§ WHAT YOU WILL DO
From the first line to the last, please reproduce the material exactly, skipping the pictures.

§ SOURCE MATERIAL
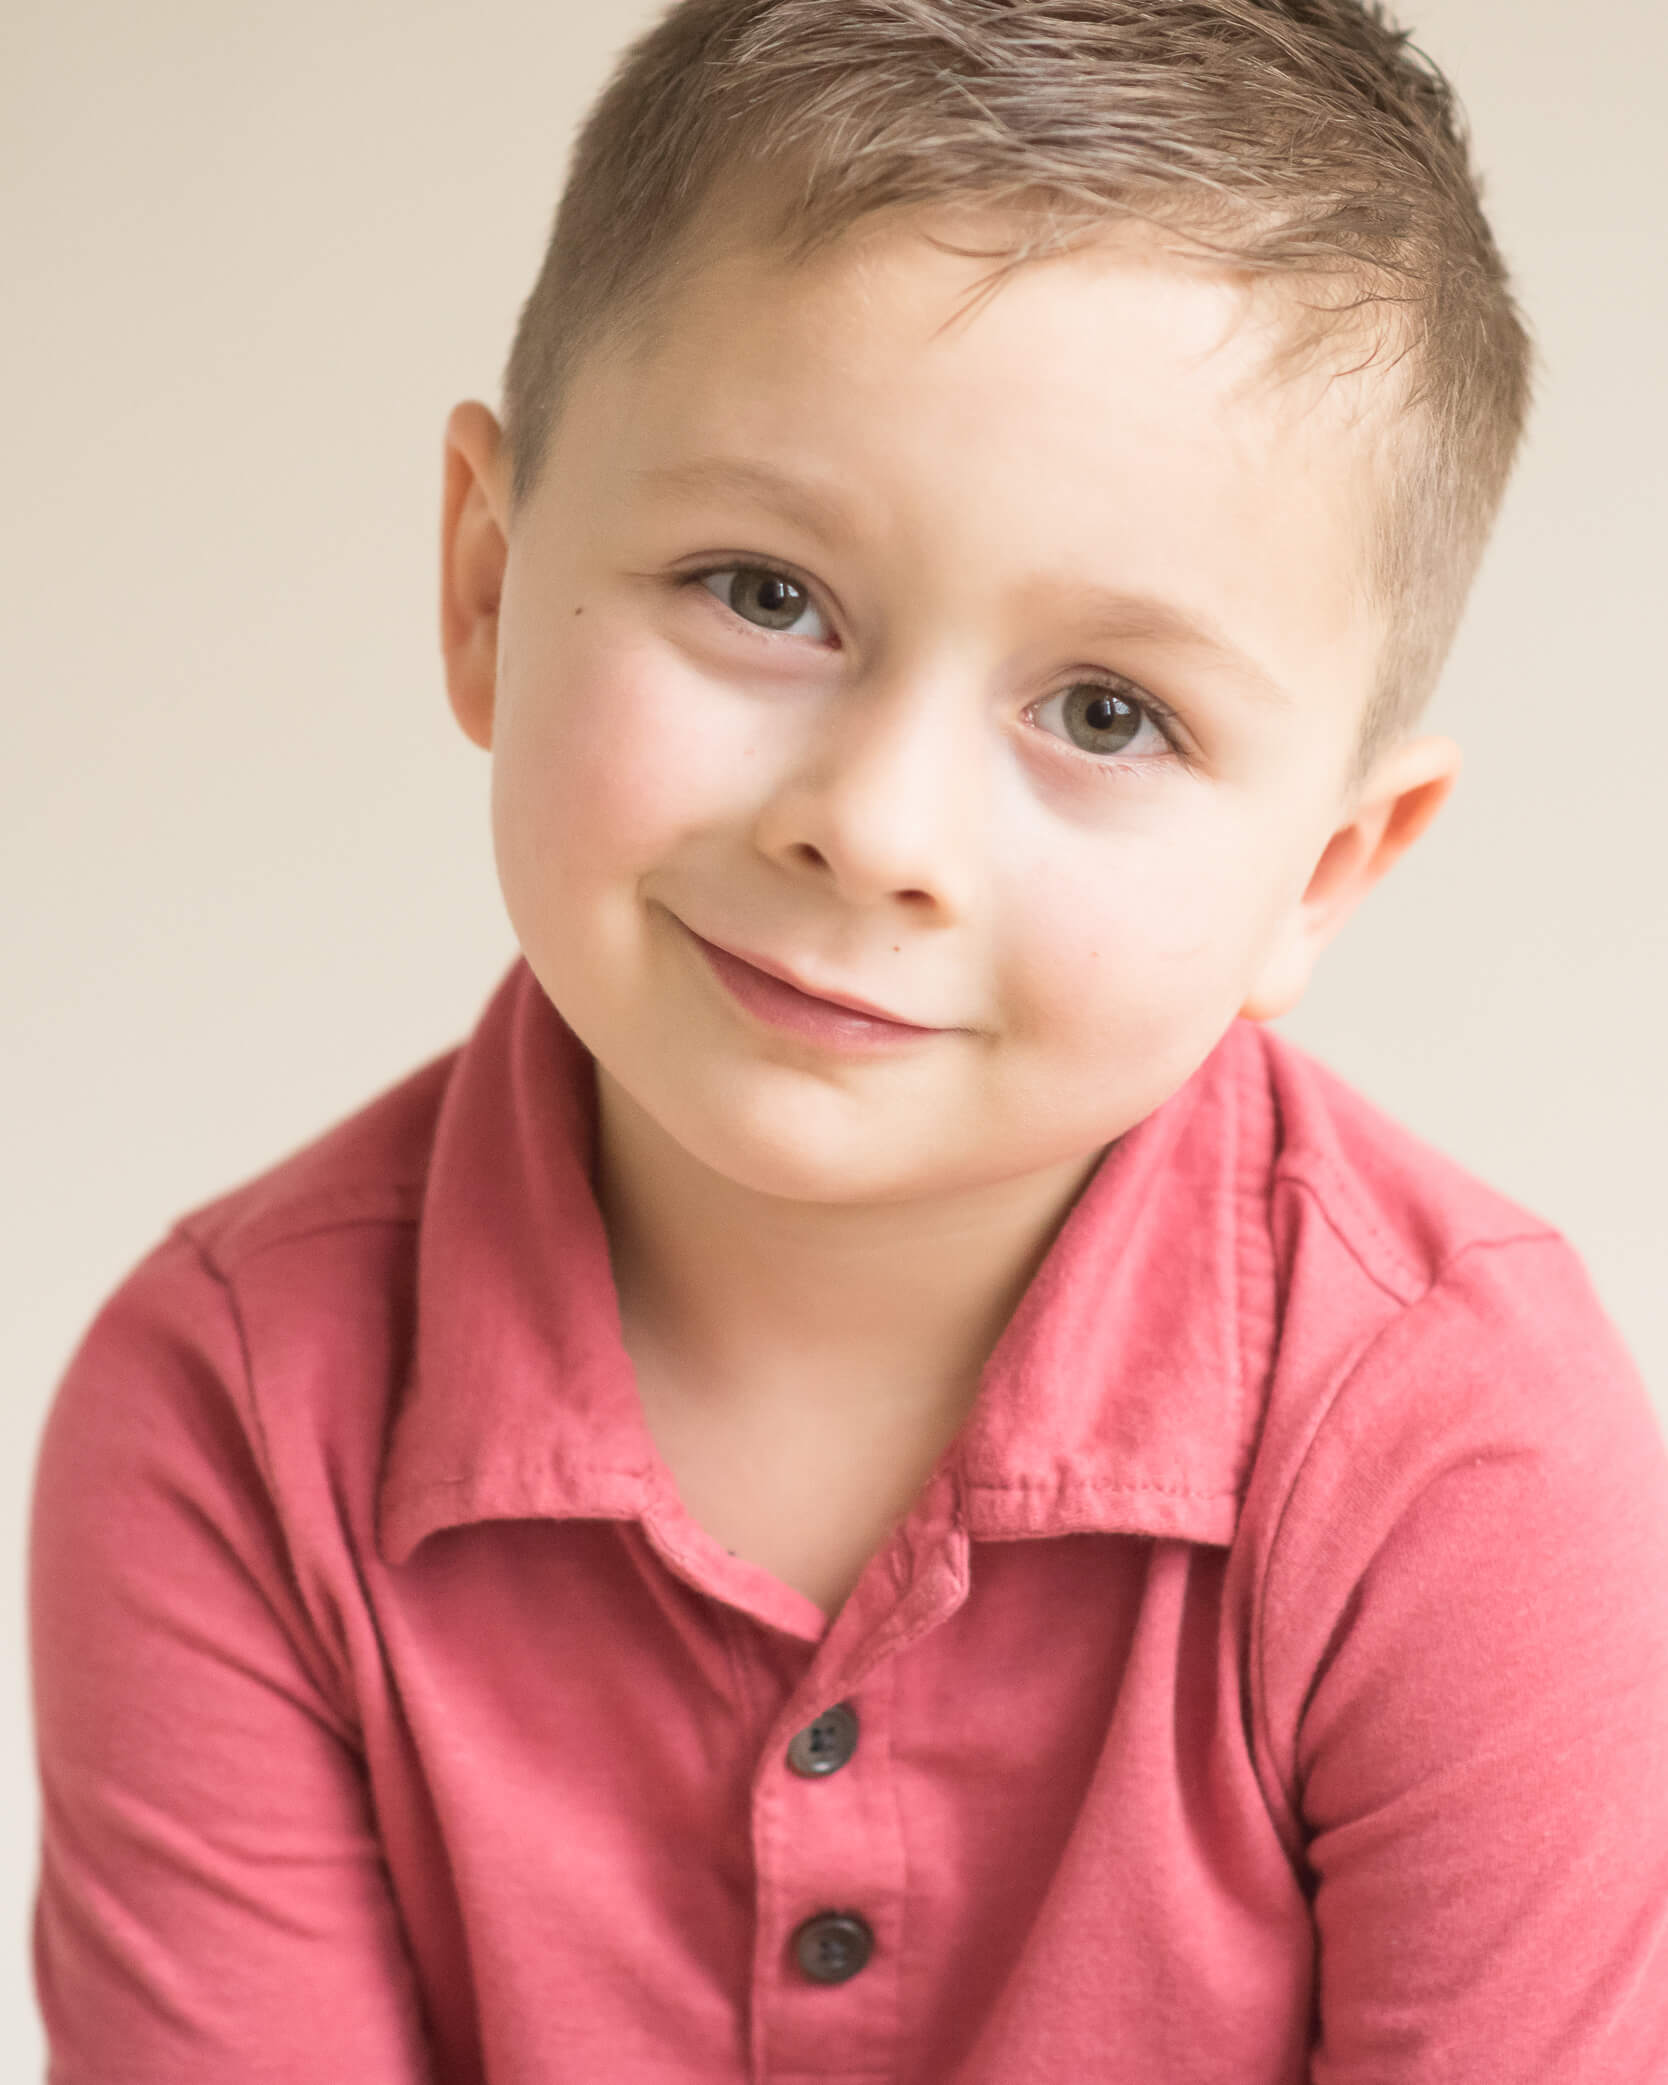 adorable little boy in red shirt studio portrait
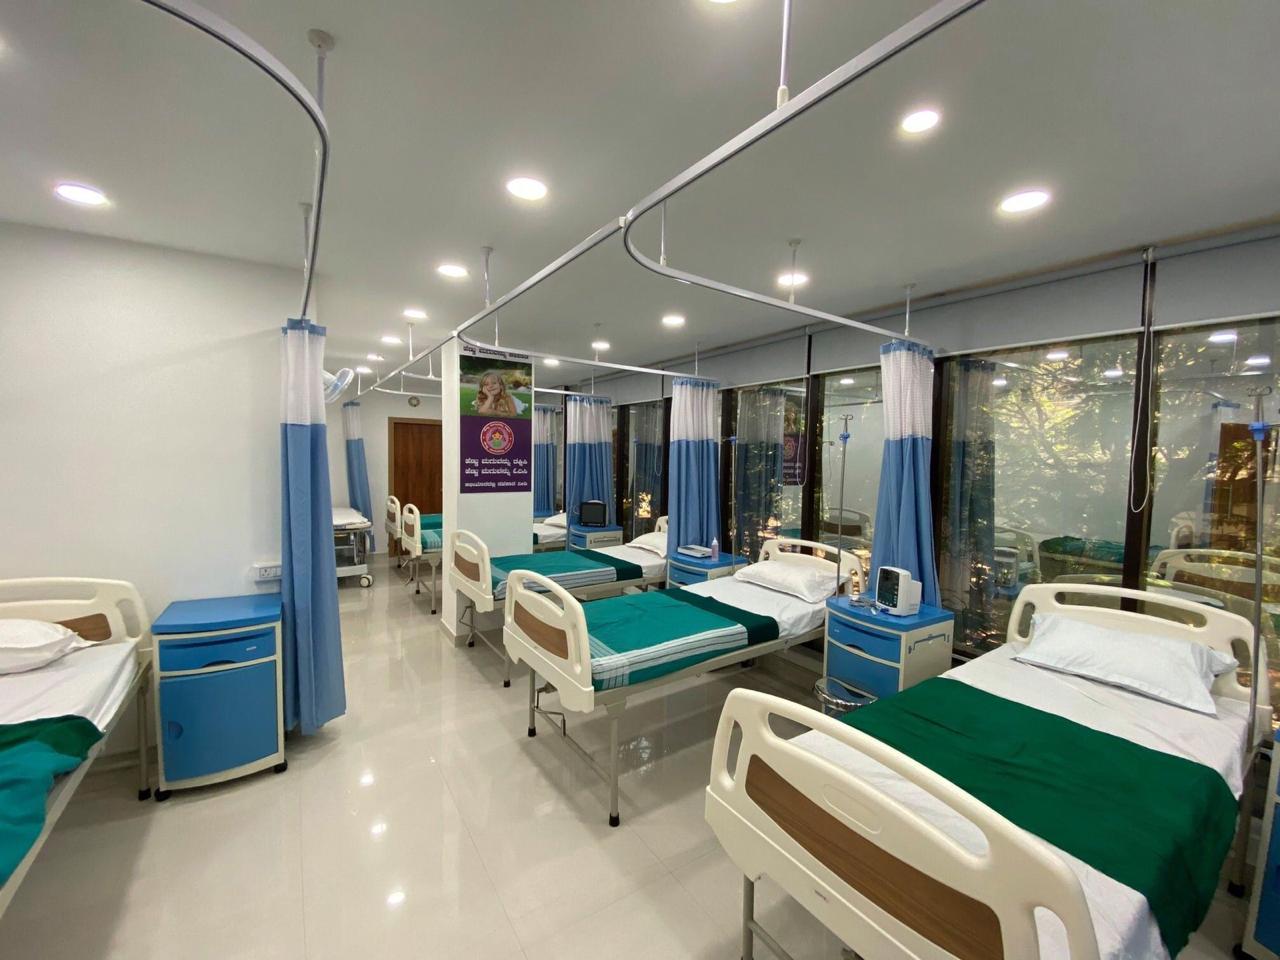 Parency IVF Hospital
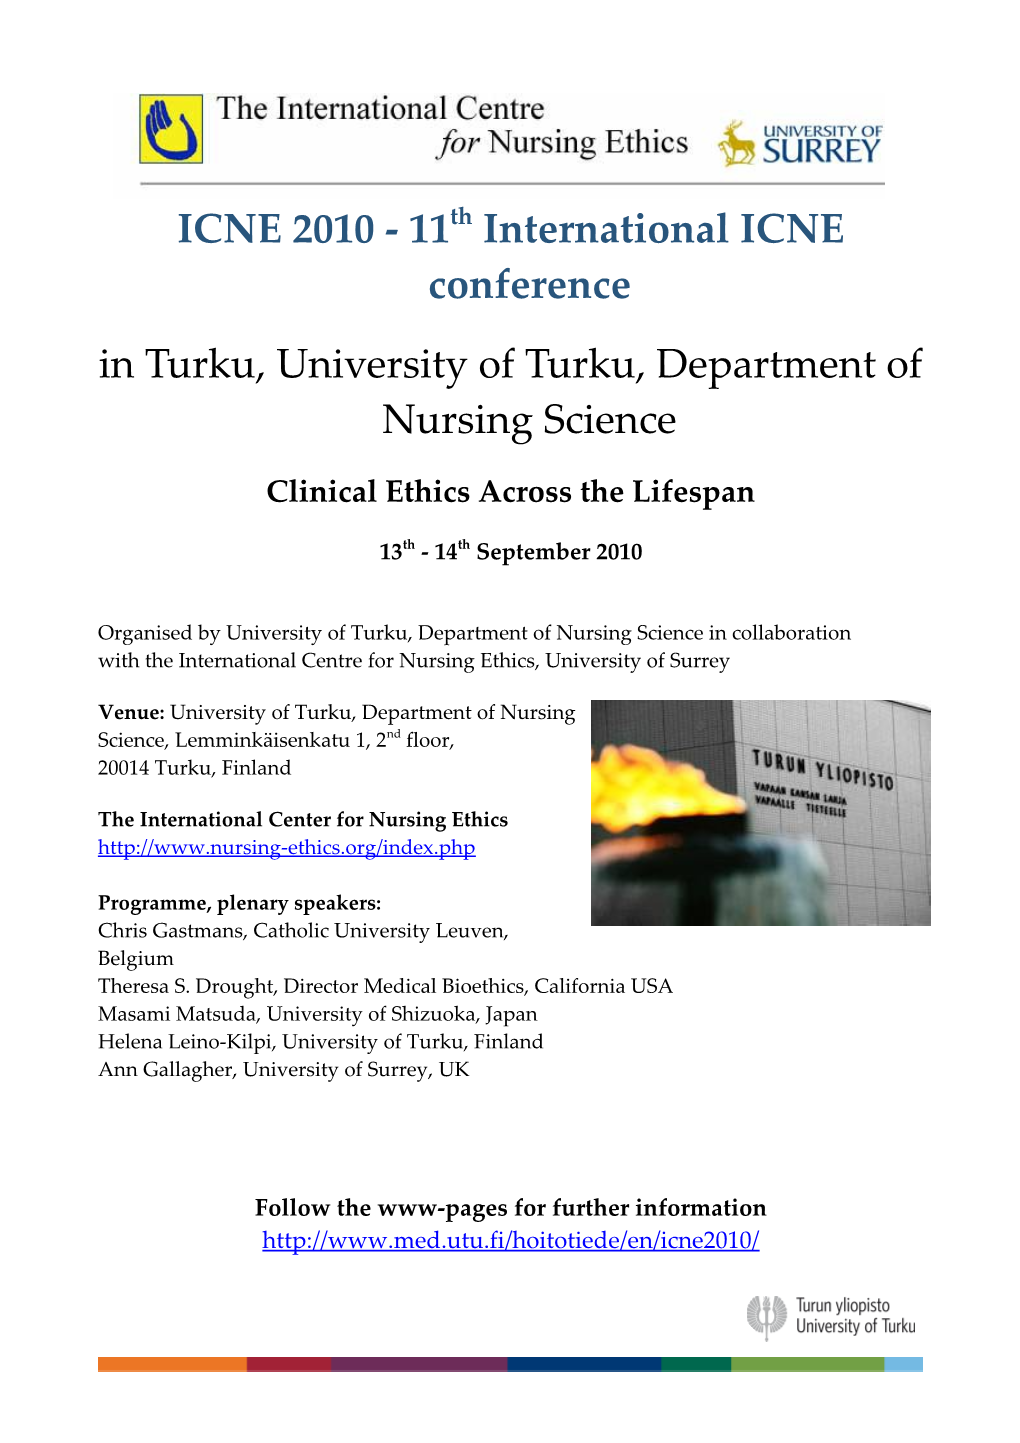 ICNE 2010 - 11Th International ICNE Conference
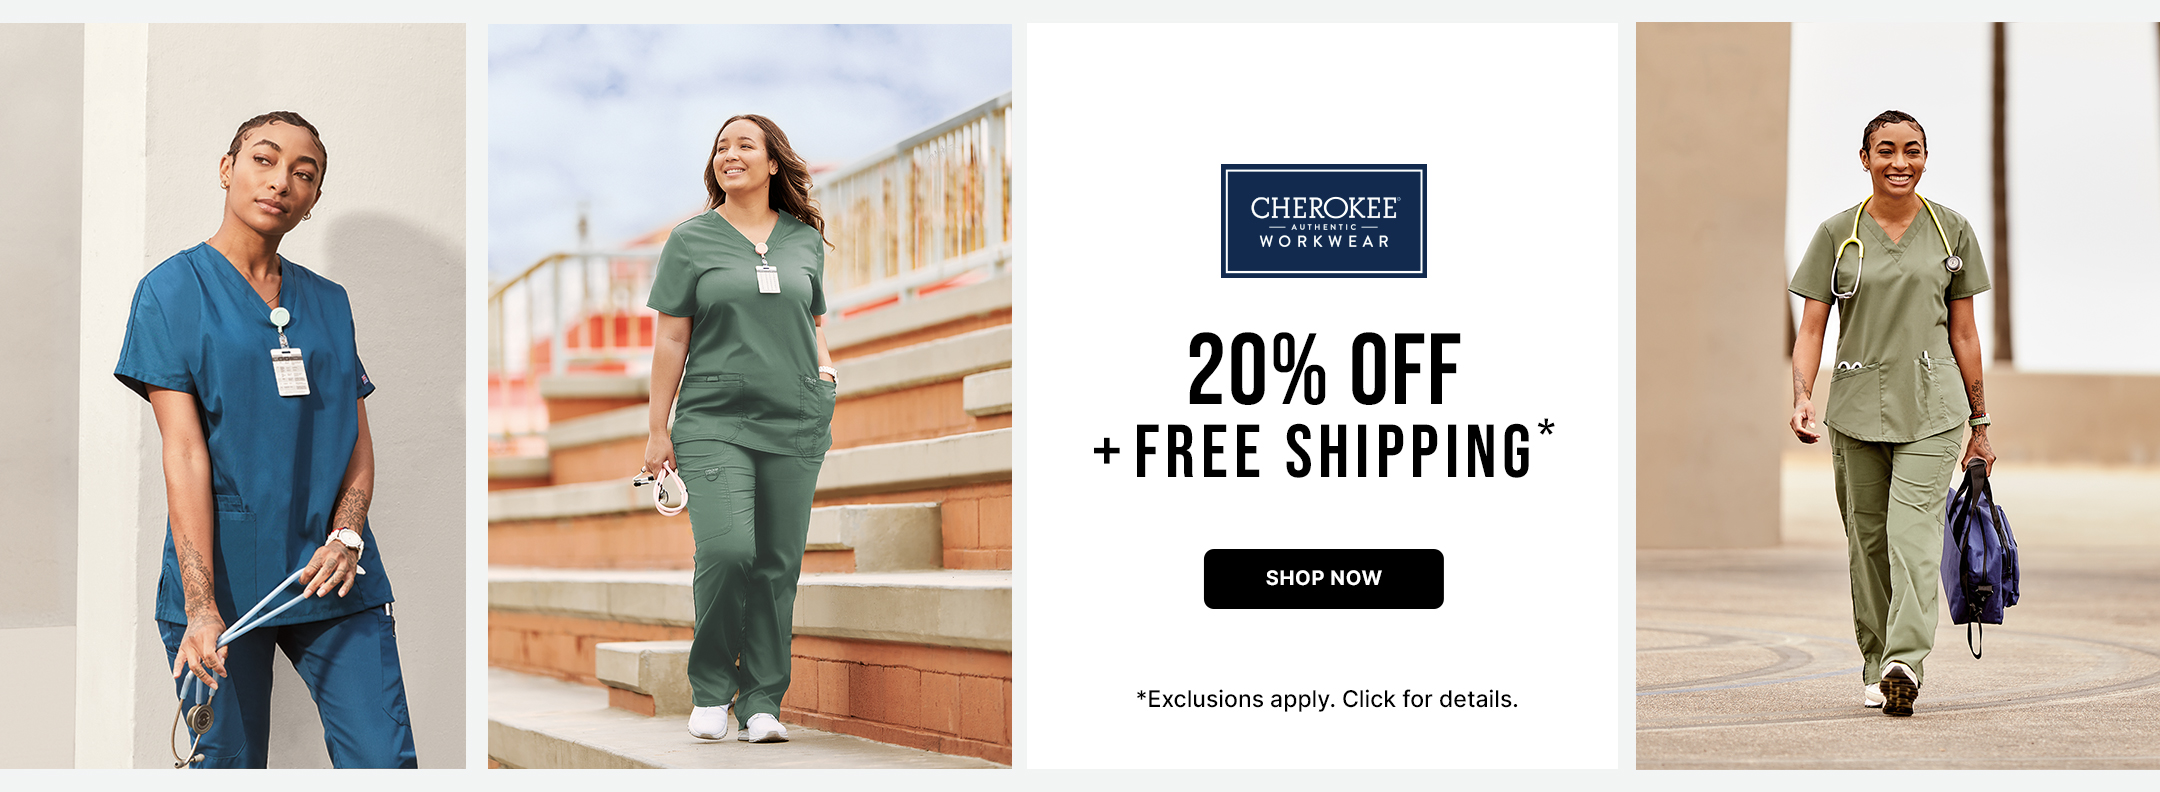 Shop Cherokee Workwear 20% Off

§ EXERCISE RESPONSE
 adorable little boy in red shirt studio portrait
 Parency IVF Hospital
 ICNE 2010 - 11Th International ICNE Conference
 Shop Cherokee Workwear 20% Off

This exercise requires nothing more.